● WHAT YOU NEED TO DO: In the records that follow, find the line with "フランシスコ・タレガ - アルハンブラの想い出"; from there, retype every line exactly through the line with "Đồ Chơi Lắp", which also belongs to the answer.

● DATA FOR THE TASK:
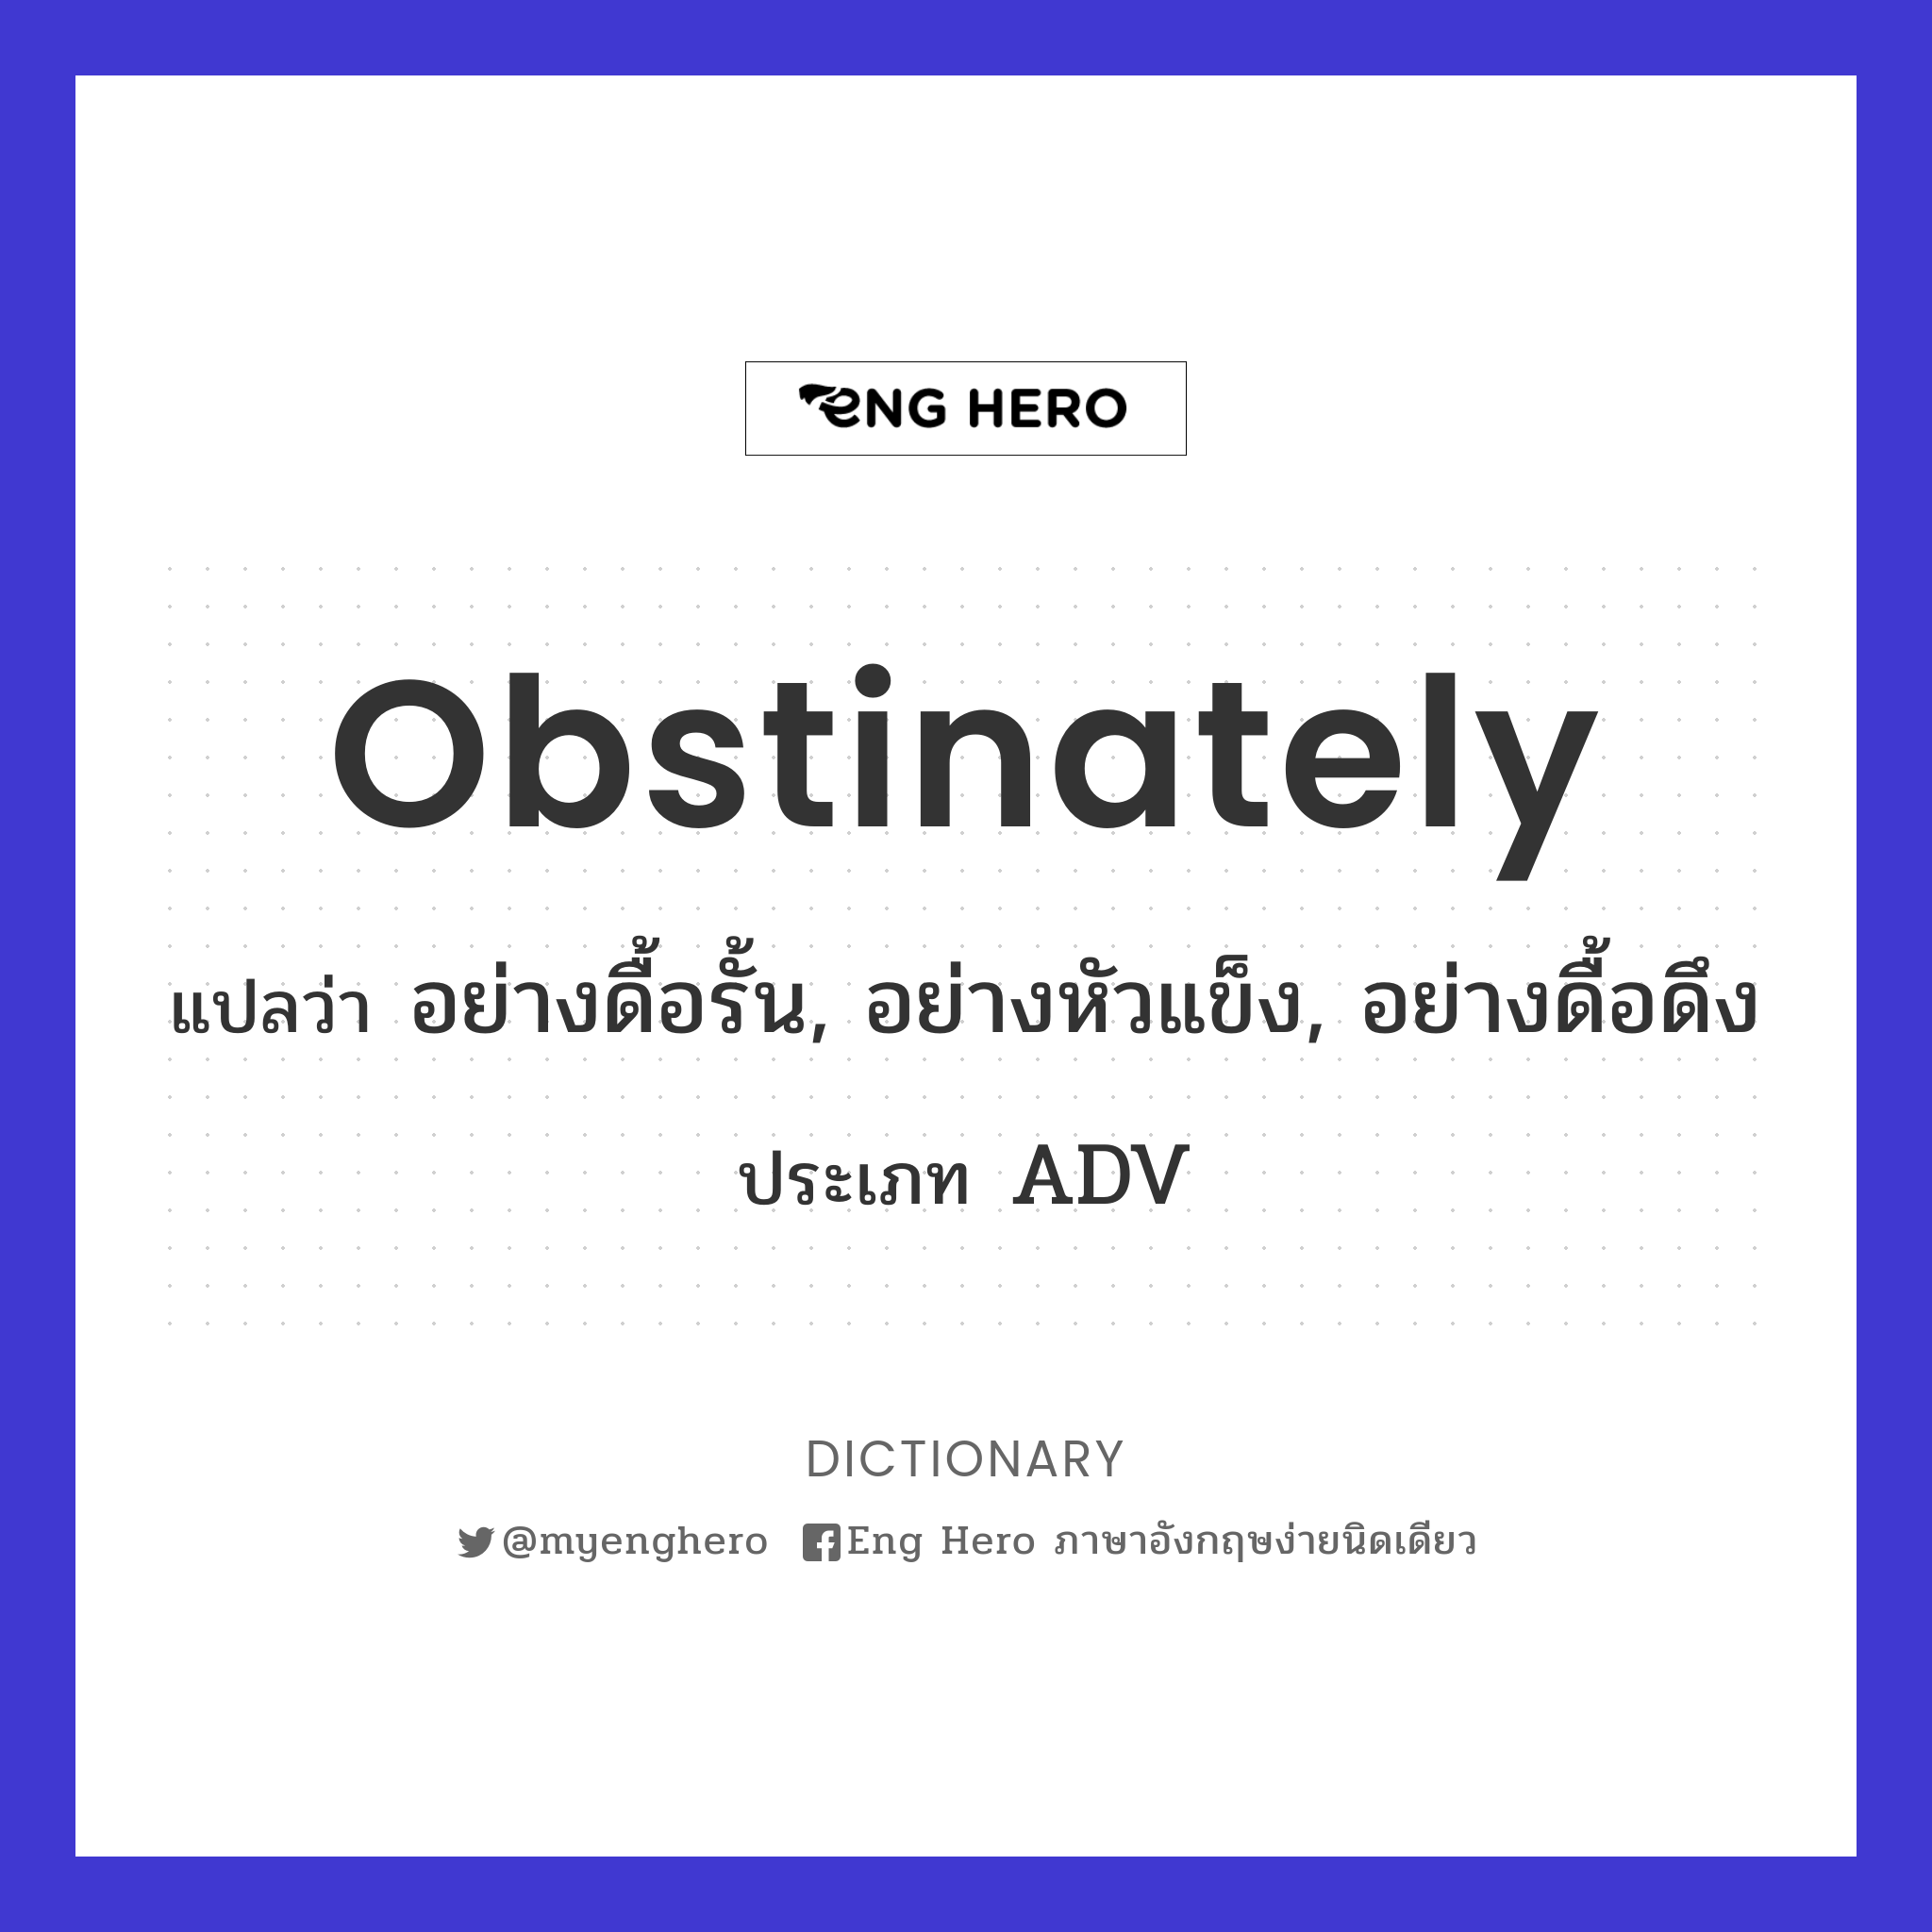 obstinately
---
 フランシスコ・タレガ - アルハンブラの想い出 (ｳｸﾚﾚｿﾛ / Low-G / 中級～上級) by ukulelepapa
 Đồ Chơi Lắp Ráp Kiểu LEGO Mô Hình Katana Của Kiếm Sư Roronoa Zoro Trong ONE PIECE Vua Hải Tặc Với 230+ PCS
--
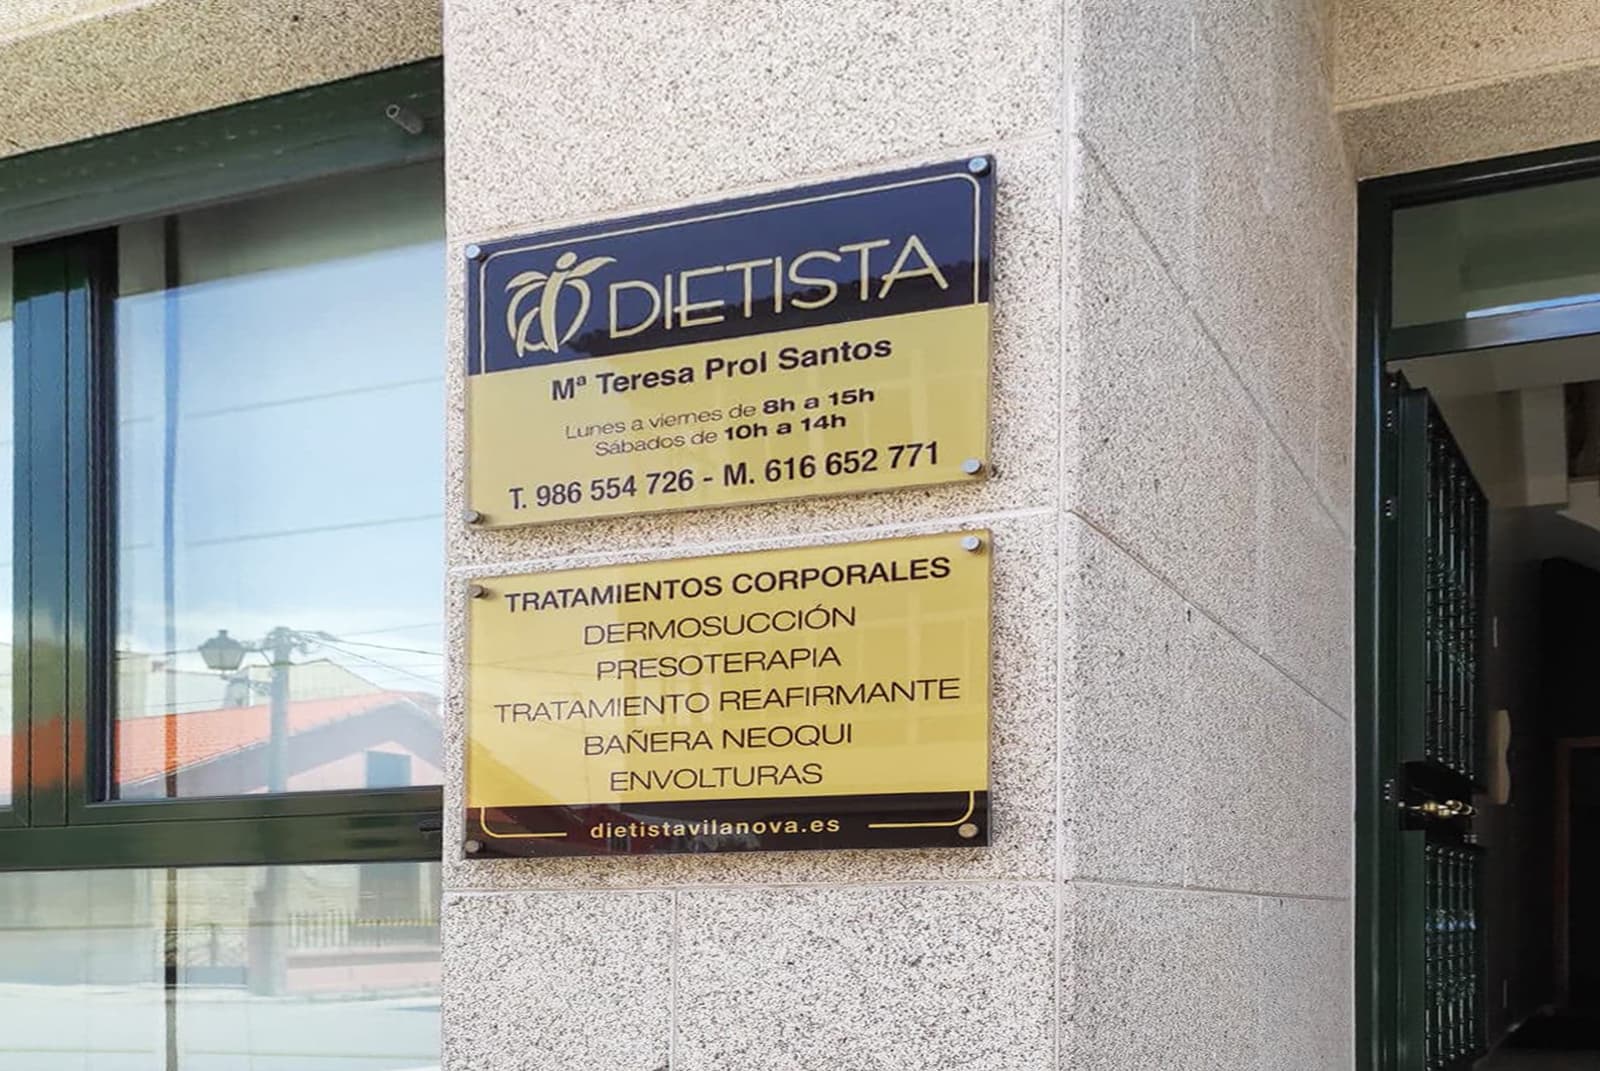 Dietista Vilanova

● FINISHED TASK:
 フランシスコ・タレガ - アルハンブラの想い出 (ｳｸﾚﾚｿﾛ / Low-G / 中級～上級) by ukulelepapa
 Đồ Chơi Lắp Ráp Kiểu LEGO Mô Hình Katana Của Kiếm Sư Roronoa Zoro Trong ONE PIECE Vua Hải Tặc Với 230+ PCS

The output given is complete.